Hace unas semanas me enteré de que tengo múltiples metástasis en el hígado. Hace nueve me
diagnosticaron un tumor poco frecuente del ojo, un melanoma ocular. Aunque la radiación y el
láser para extirparlo finalmente me dejaron ciego de ese ojo, sólo en casos muy raros tales
tumores hacen metástasis. Yo estoy entre el 2% de desafortunados.

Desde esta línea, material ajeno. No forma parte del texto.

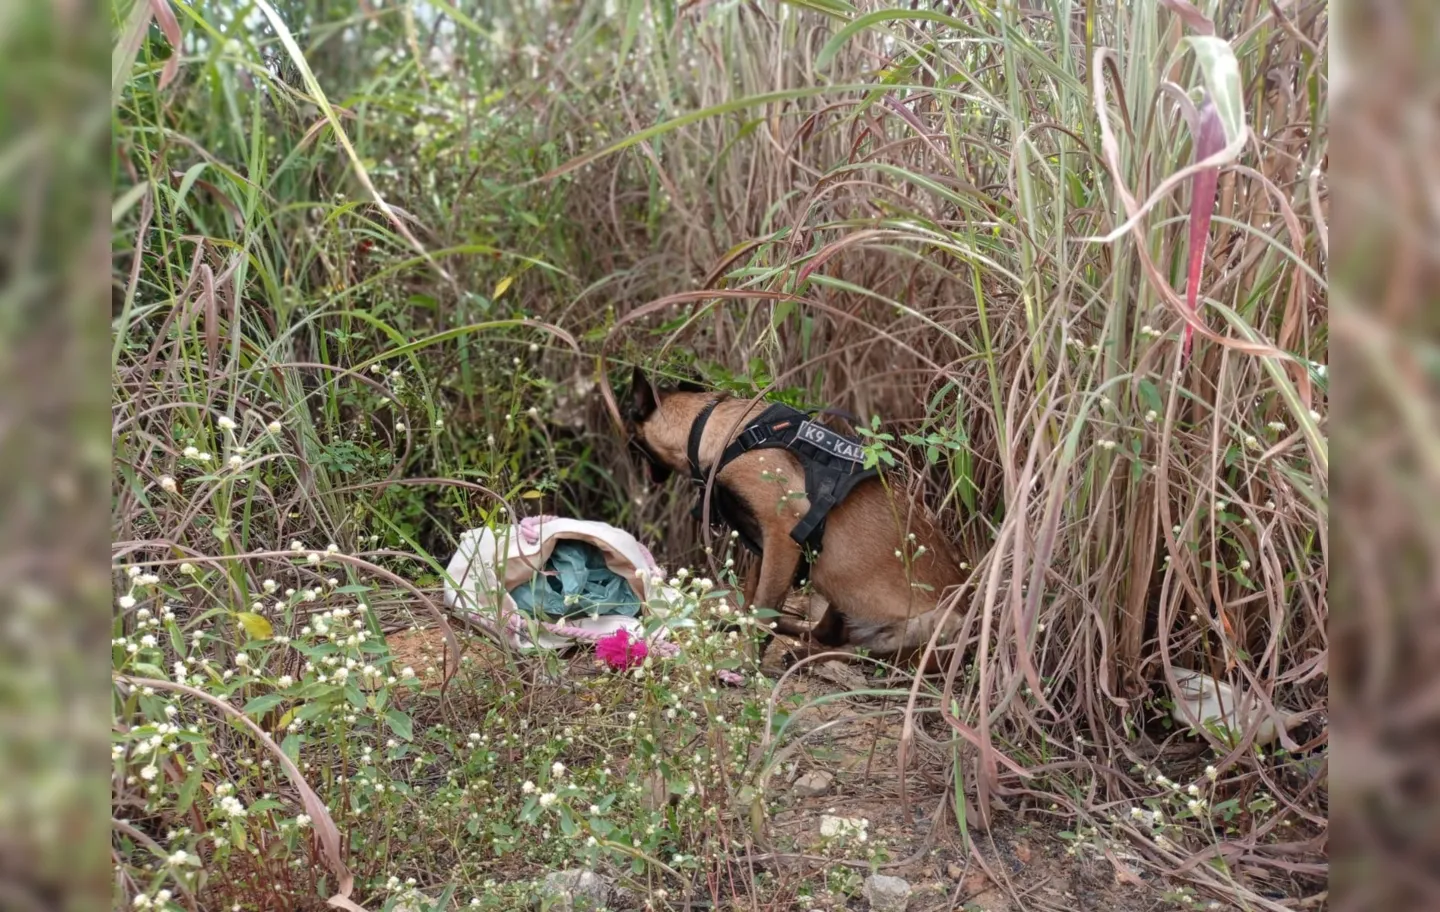 Cão farejador K9 Kalil foi levado ao local e encontrou a bolsa arremessada com 4,5 quilos de cocaína

Depende de mí ahora elegir cómo vivir los meses que me quedan. Tengo que vivir de la
manera más rica, más profunda, más productiva que pueda. En ello me siento alentado por las
palabras de uno de mis filósofos favoritos, David Hume, quien, al enterarse de que estaba
enfermo de muerte a los 65 años, escribió una autobiografía corta en un solo día en abril de
1776. Él lo tituló My Own Life.
"Ahora espero una disolución rápida", escribió. "He sufrido muy poco dolor de mi desorden; y
lo que es más extraño, a pesar de la gran decadencia de mi persona, nunca sufrí ni por un
momento un abatimiento de mi espíritu. Poseo el mismo ardor que nunca en el estudio, y la
misma alegría en compañía "
He tenido la suerte de vivir más de 80 años, y los 15 años de más de las tres veintenas de
Hume han sido igualmente ricos en trabajo y amor. En ese tiempo, he publicado cinco libros y
he completado una autobiografía que se publicará esta primavera; tengo varios otros libros
casi terminados.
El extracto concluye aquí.